Aunque es uno de los destinos más conocidos de Bélgica, Brujas nunca deja de sorprender. Tiene un equilibrio perfecto entre ciudad histórica y pequeño pueblo tranquilo. En esta visita hice una ruta por los lugares más emblemáticos del casco histórico, ideal para una primera toma de contacto con la ciudad si solo tienes un día.
El Minnewater y el Begijnhof
Empieza la visita en el sur de la ciudad, donde todo es más calmado. El Minnewaterpark, también conocido como el Lago del Amor, es uno de los rincones más bonitos de Brujas. Cuenta la leyenda que, hace muchos años, en Brujas vivía una joven llamada Minna, a la que su padre había concertado un matrimonio sin su consentimiento, sin tener en cuenta que ella estaba enamorada de un hombre llamado Stromberg. Minna, al verse en esa situación, escapó y se escondió en el bosque. Cuando Stromberg salió en su búsqueda, la encontró muerta a orillas de un manantial, el que hoy conocemos como Lago del Amor.

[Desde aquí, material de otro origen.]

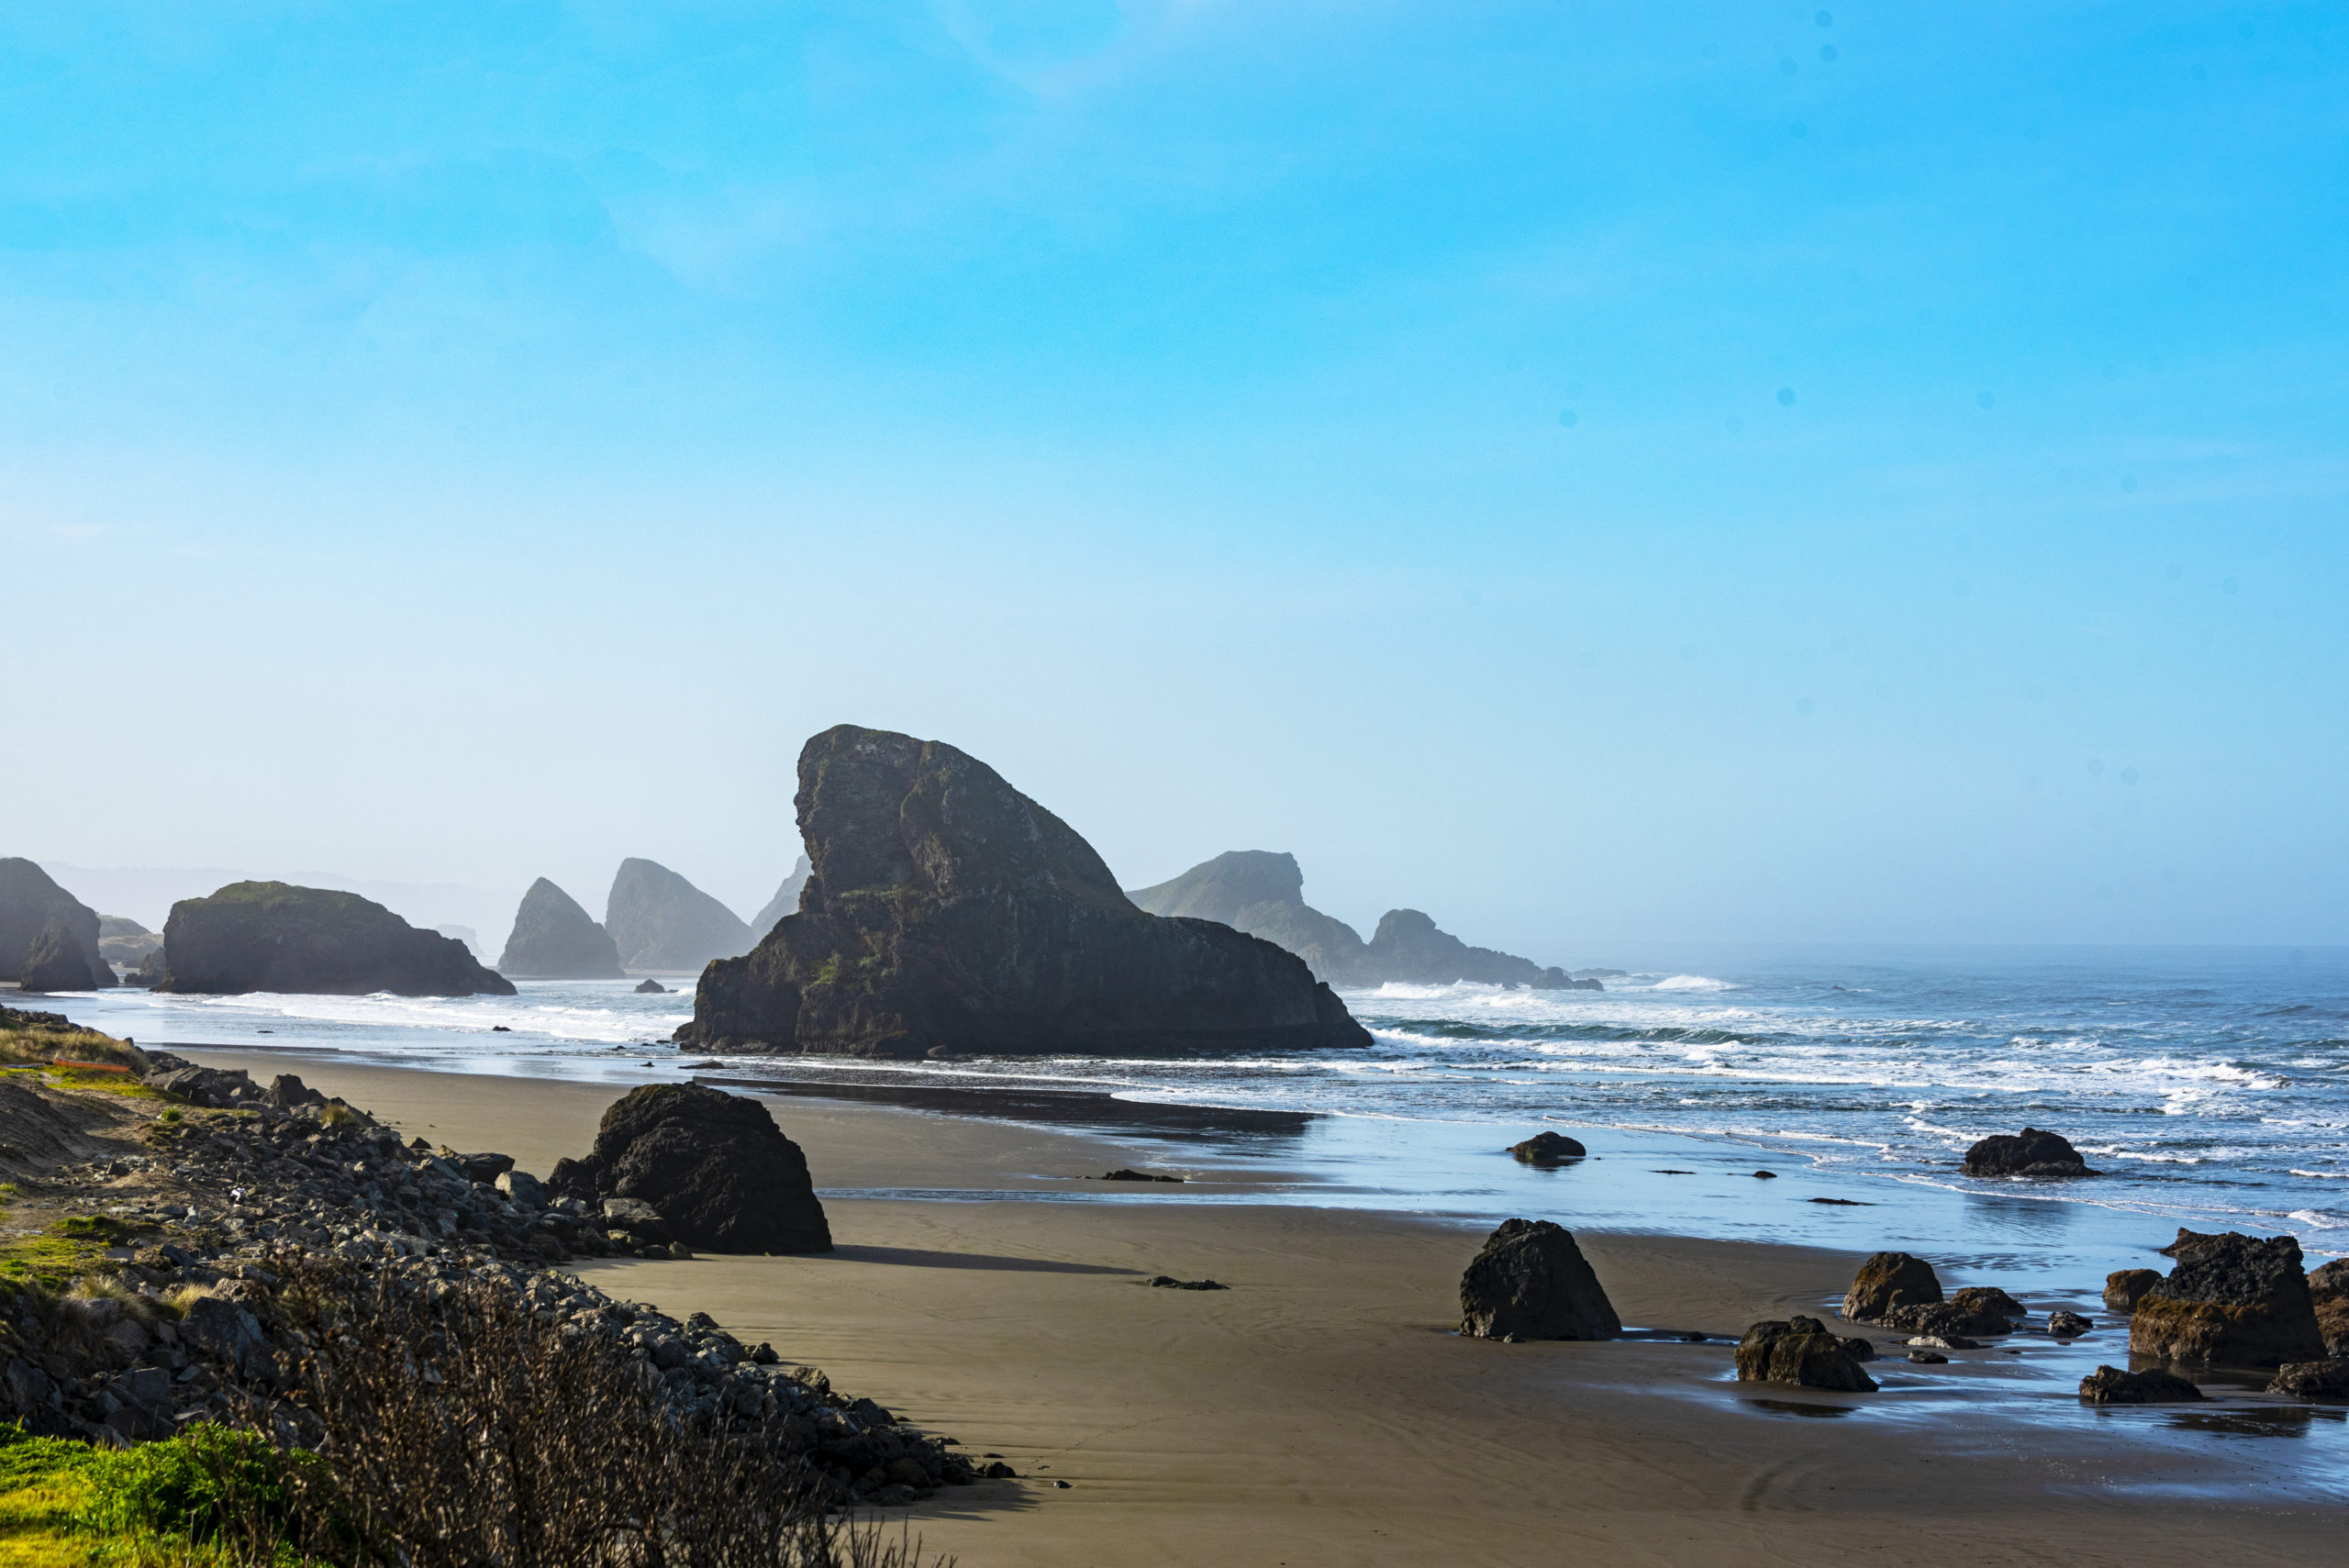 Sea stacks along southern Oregon coast

Junto al lago se encuentra el Begijnhof, un beaterio fundado en el siglo XIII, donde vivían las beguinas: mujeres que formaban comunidades religiosas sin llegar a ser monjas. Hoy es Patrimonio Mundial de la UNESCO, y muchas de sus casas siguen habitadas por monjas benedictinas.
La Iglesia de Nuestra Señora
Desde el allí, puedes seguir paseando hacia el centro histórico. De camino, te encontrarás con la Iglesia de Nuestra Señora, que cuenta con la segunda torre de ladrillo más alta del mundo: más de 115 metros de altura.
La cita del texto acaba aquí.